--- Data shown Enclosed Below ---

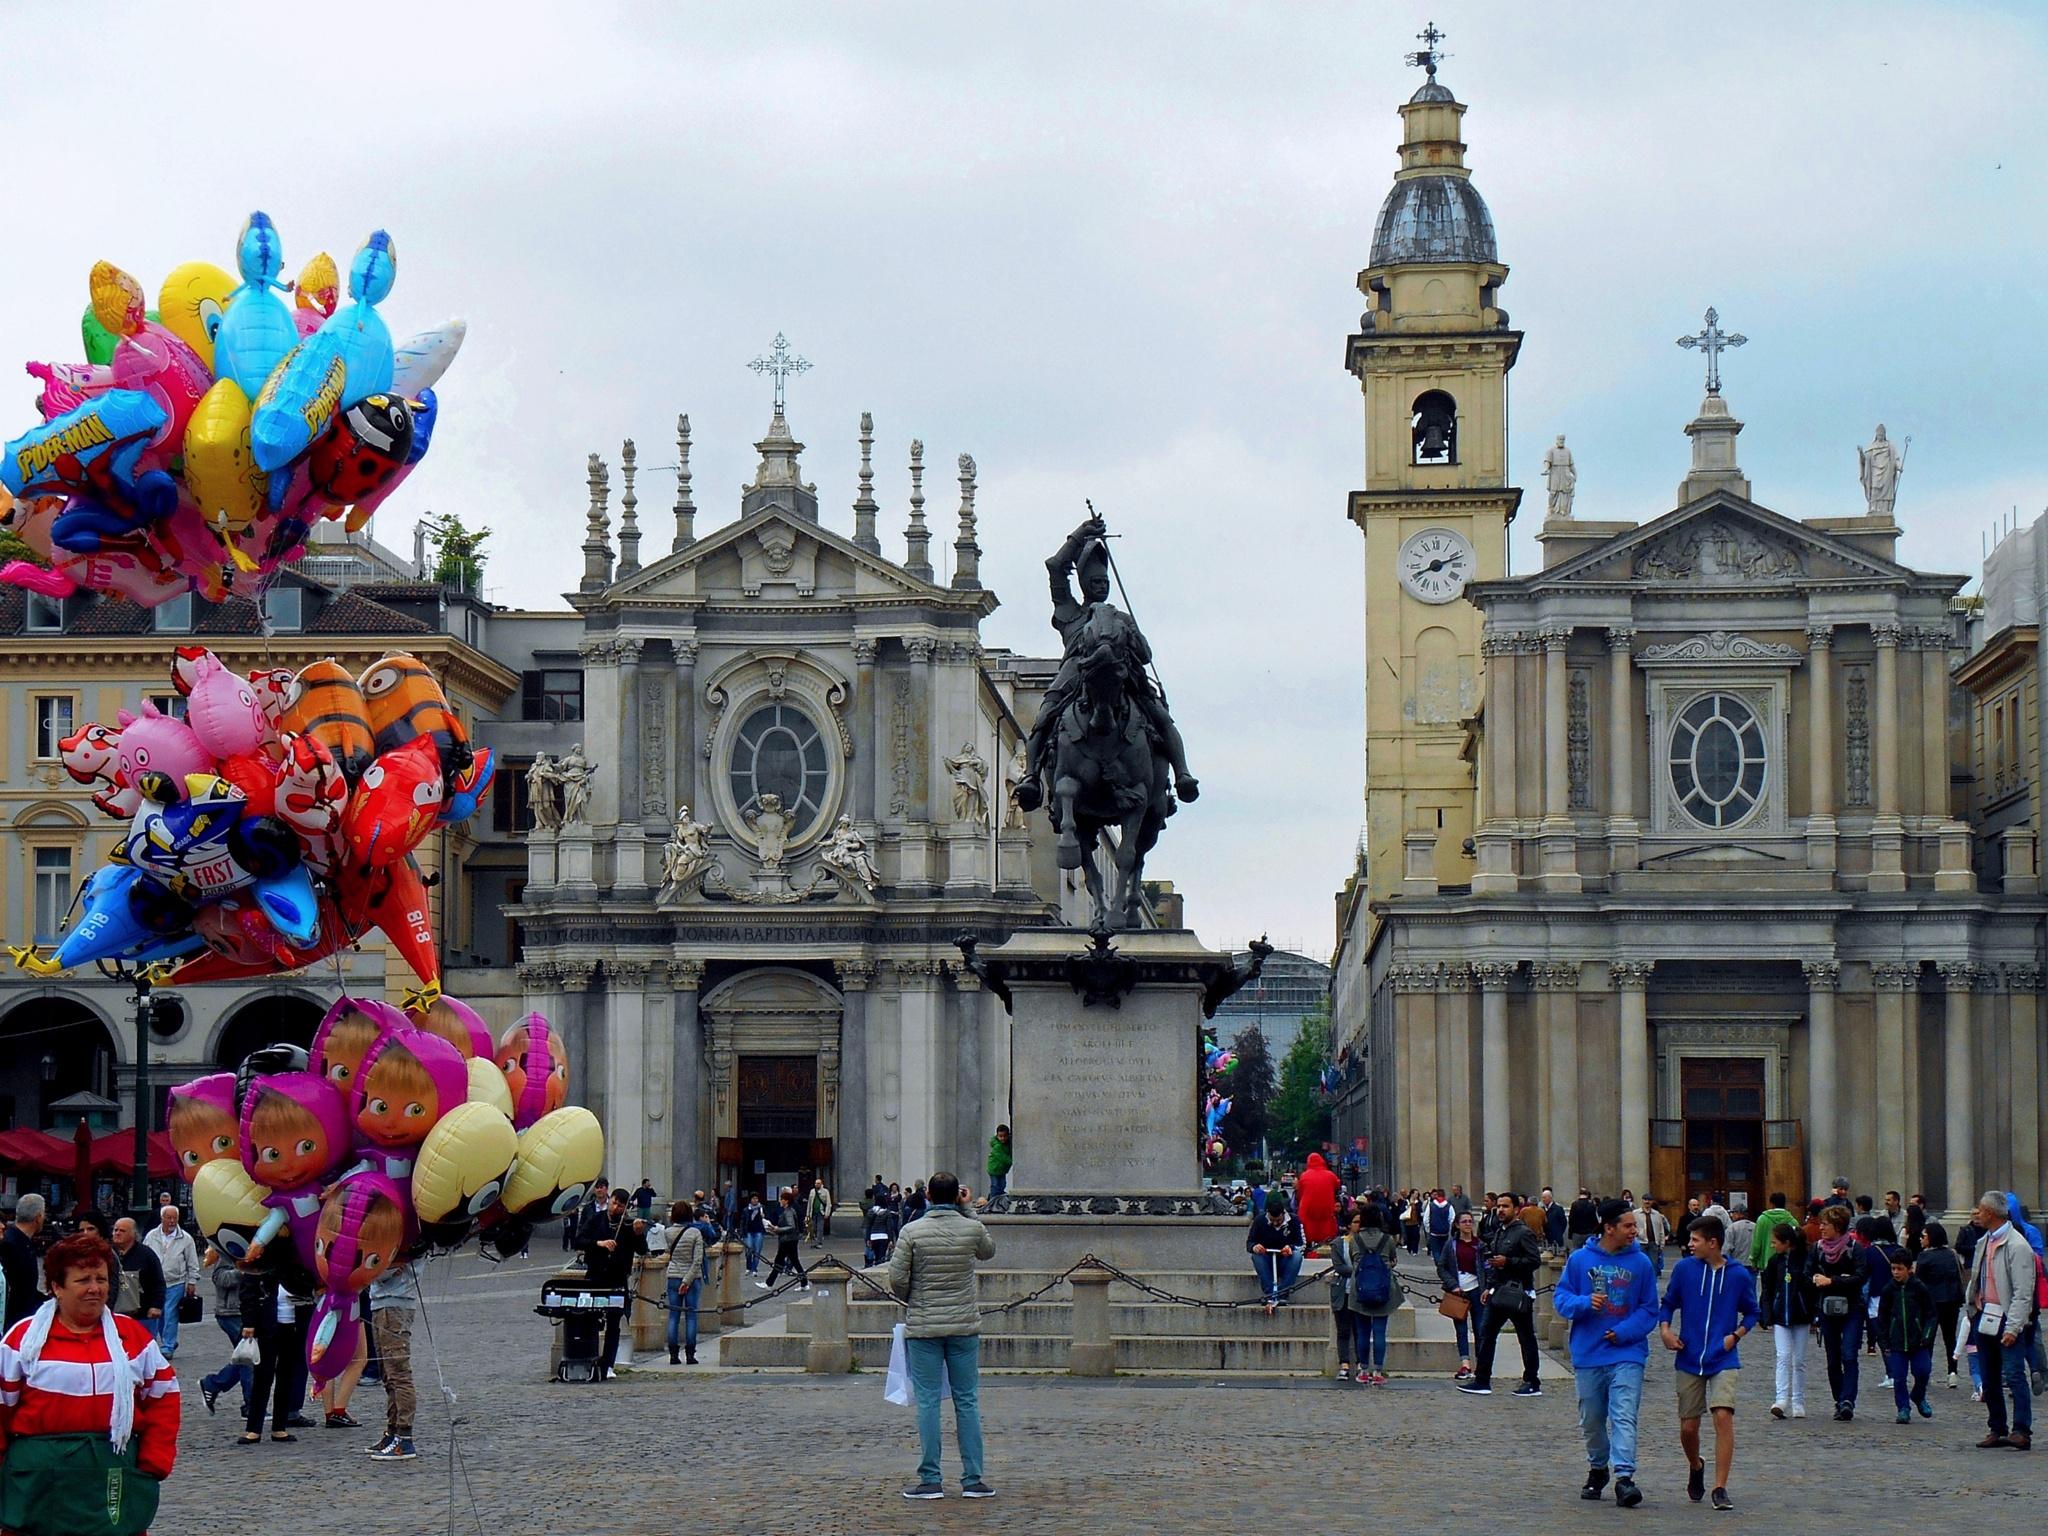 Piazza San Carlo by Piercarlo Bedino
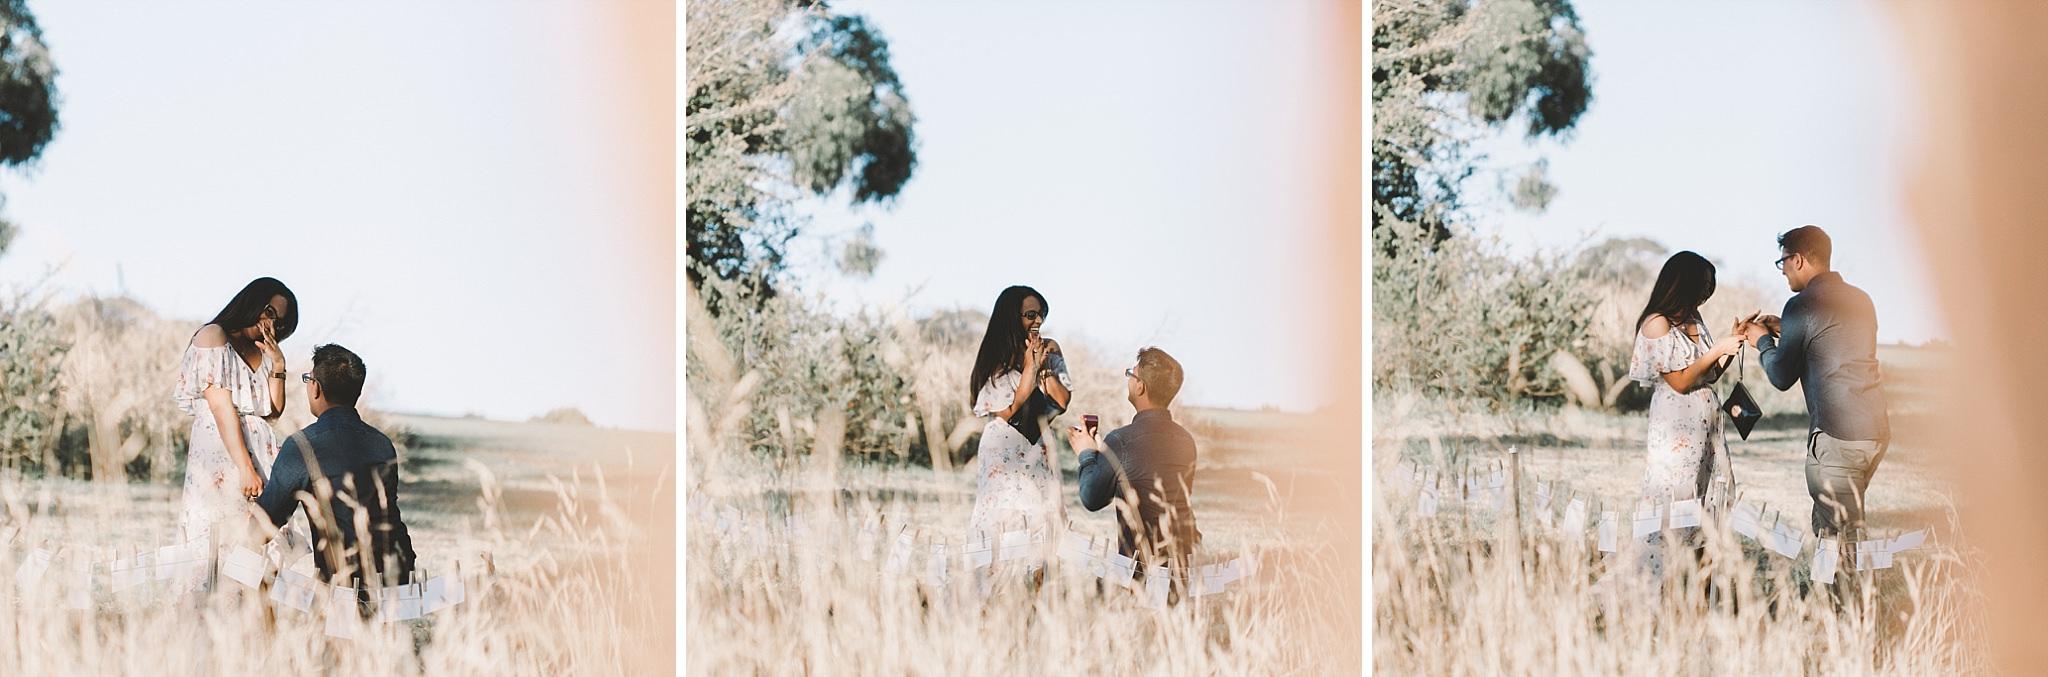 Dandenong Engagement Wedding Photographer-2.jpg
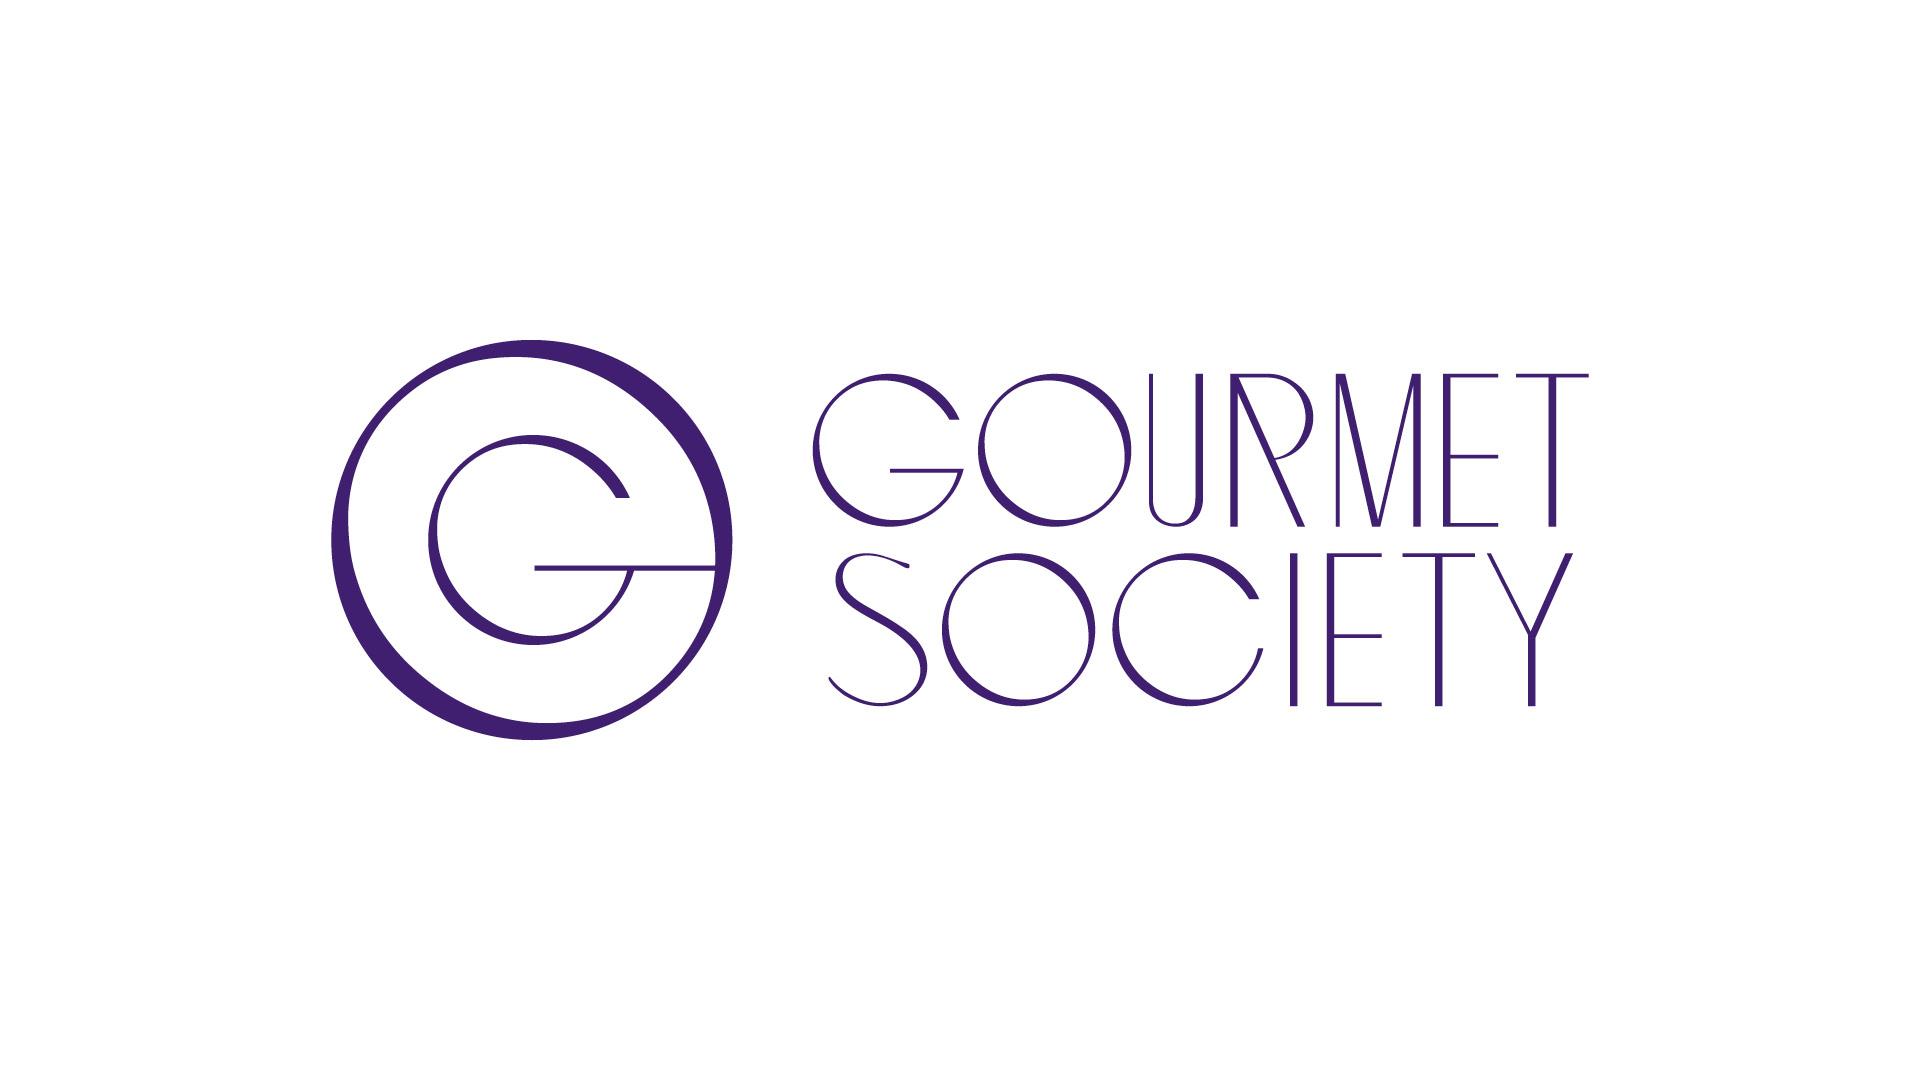 GourmetSociety-Work-By-YaStudio-12
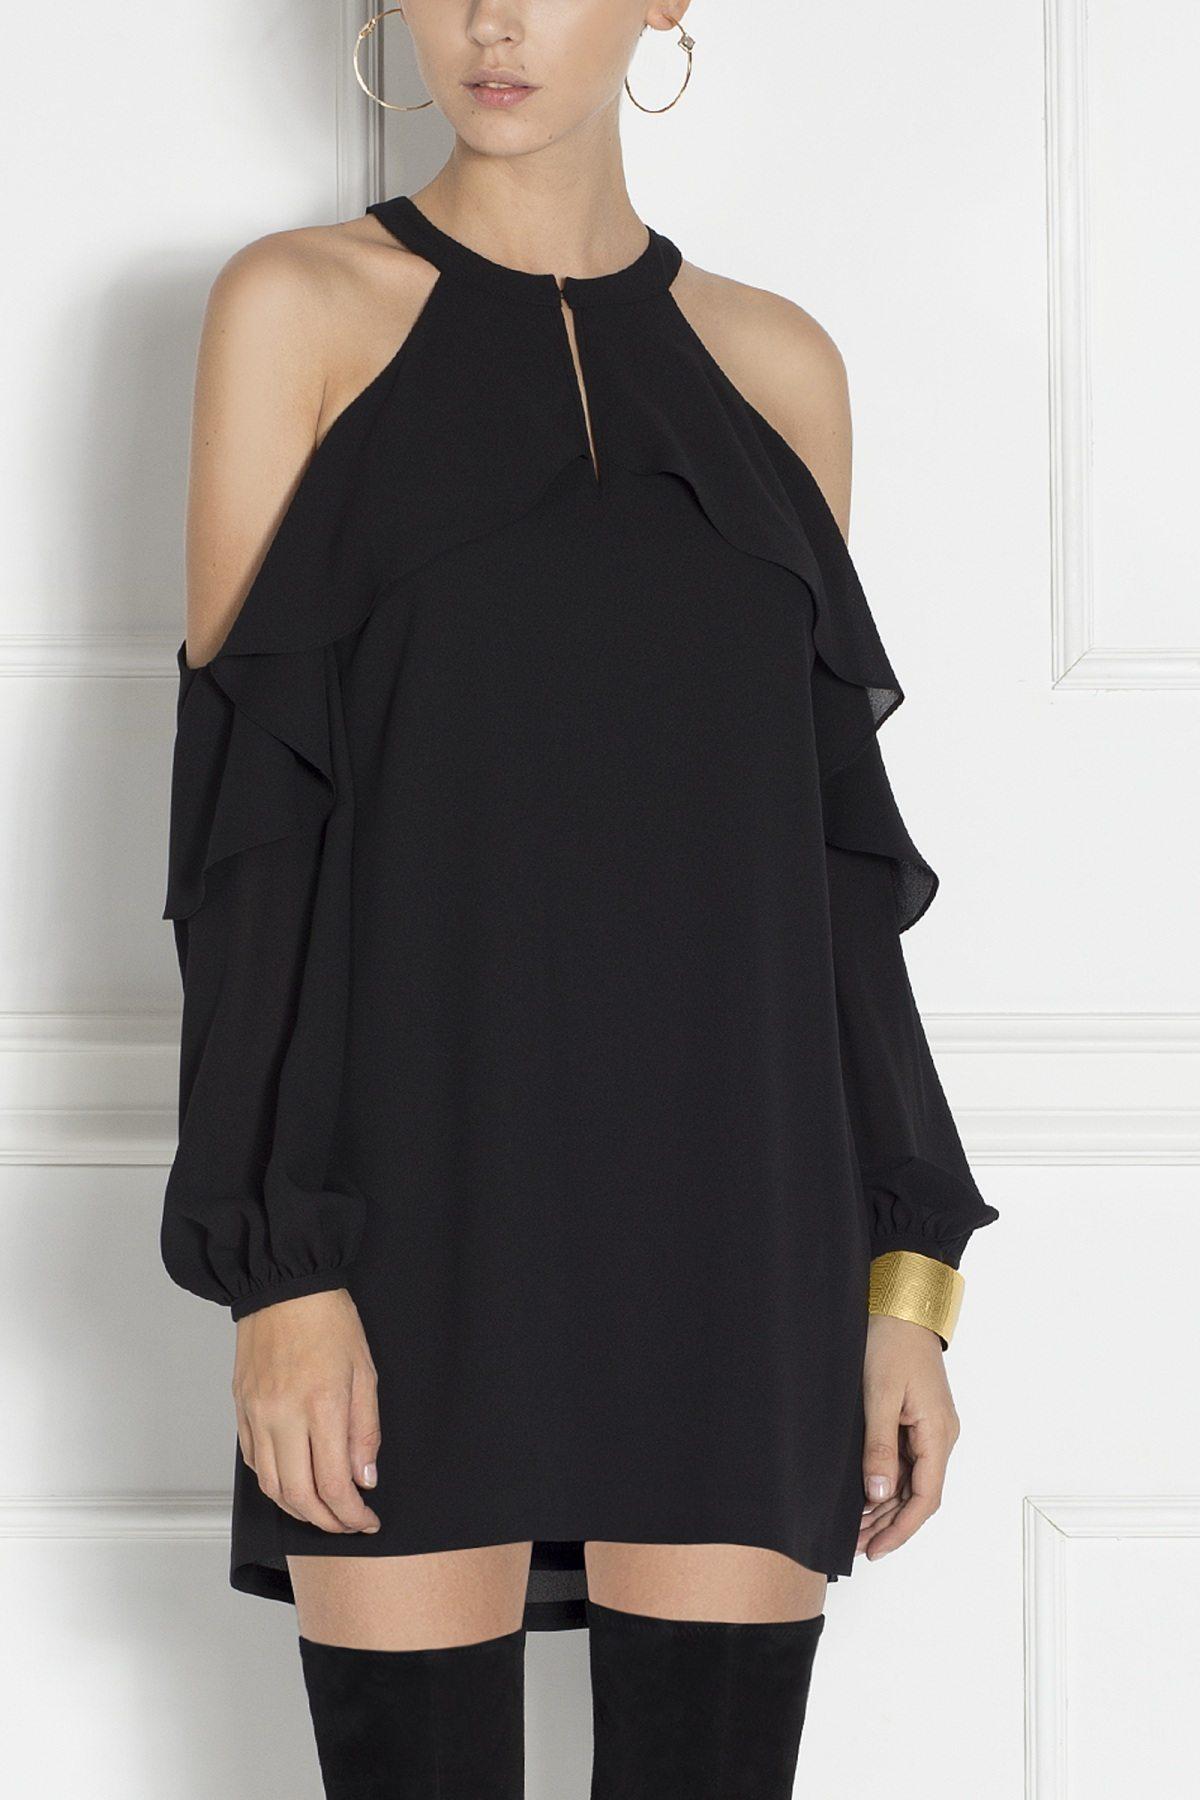 Rochie de seara mini cu mesa de voal transparent Negru

--- End of Enclosed Data shown ---

• [What you need to do]:
The task requires restating verbatim the lines from the one that holds "GourmetSociety-Work-By-YaStudio-12" through the end of the listing, both ends counted, and no pictures.

• [Exercise result]:
 GourmetSociety-Work-By-YaStudio-12
 Rochie de seara mini cu mesa de voal transparent Negru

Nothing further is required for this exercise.